Doch wie kommuniziert man den Mehrwert eines Algorithmus? Versuchen Sie mal, das Ding auf einer Messe auszustellen. Bitte stellen Sie sich solche Fragen, denn klar ist: Zukunft ist KI! Das geht weit über das hinaus, was wir heute mit “Digitalisierung” verbinden – vom ­cleveren Brotbackautomaten beim Discounter, der die Eigenheiten der Filiale lernt, bis zur voll unterstützten Medizin. Das Prinzip KI wird ganze Organisationen verändern, und man tut gut daran, Gestalter dieser Veränderung zu sein.

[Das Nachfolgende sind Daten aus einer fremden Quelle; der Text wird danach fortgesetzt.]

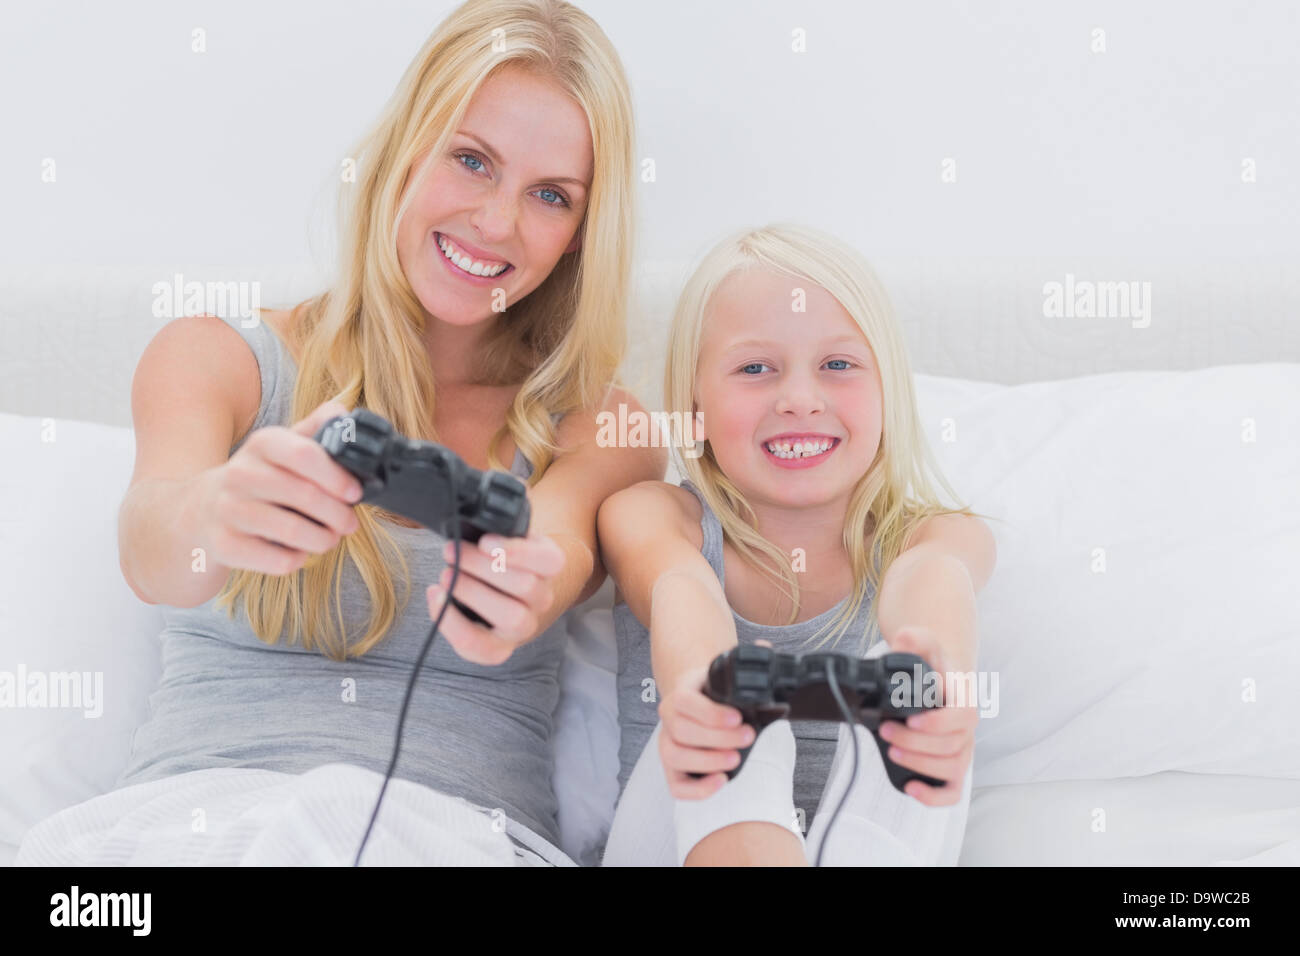 Mother and daughter playing video games Stock Photo

Was bereits heute technisch geht, sieht man bei der Überwachungstechnik. Das Prinzip geht fließend über in die ­Interwachung, bei der Individuen oder ­Maschinen durch aktiven Beitrag Daten generieren und dafür sorgen, dass ­Sys­teme bessere Entscheidungen treffen. So lernt das Internet der Dinge, so wird das autonome Fahrzeug sinnvoll möglich.

Elon Musk lässt an der Gehirn-Computer-Schnittstelle forschen

Momentan vielleicht noch etwas ­ab­strakt, wäre doch auch eine Art ­Algokratie denkbar: Beherrschung ­gesellschaftlicher Prozesse auf Basis von Algorithmen, die sich ständig selbst verbessern und mehr Parameter in ihre Entscheidungen einfließen lassen, als es das menschliche Hirn rational im Stande oder willens wäre zu tun. Der Politiker wäre dann quasi nur das “Gesicht” der Maschine. Die Top-Ebene wäre die Anthropogenisierung, bei der wir ­Menschen in unserem Sein und Denken von künstlichen Intelligenzen unmittelbar unterstützt werden. Stichwort: Gehirn-Computer-Schnittstelle. Schütteln Sie nicht den Kopf, sondern fragen Sie beispielsweise Elon Musk – der lässt ­daran bereits seit Jahren forschen.

Entscheidend für die Akzeptanz von KI wird ihr Nutzen sein – und wie dieser kommuniziert, platziert und bepreist wird. Letztlich müssen die Systeme und Ökosysteme mitsamt ihren Algorithmen so gestaltet werden, dass Produkte und Dienstleistungen auch verkäuflich sind. Unterstützung tut also not! Wird demnach nicht auch zusätzliches Wissen ­nötig? Irgendwo zwischen Intelligenz und Marketing, zwischen KI im Produkt und KI in der Kommunikation?

Deshalb: Machen Sie sich schlau! Spielen Sie ­Alexa ans Limit, gehen Sie zur World ­Artificial Intelligence Conference und lernen Sie, wie beim Cybathlon mo­dernste technische Assistenzsysteme unbefangen kommuniziert werden. ­Setzen Sie die Zukunft auf Ihre Agenda und ­lassen Sie uns rebellisch – mit Freiheit und Vollgas – die Welt prägen!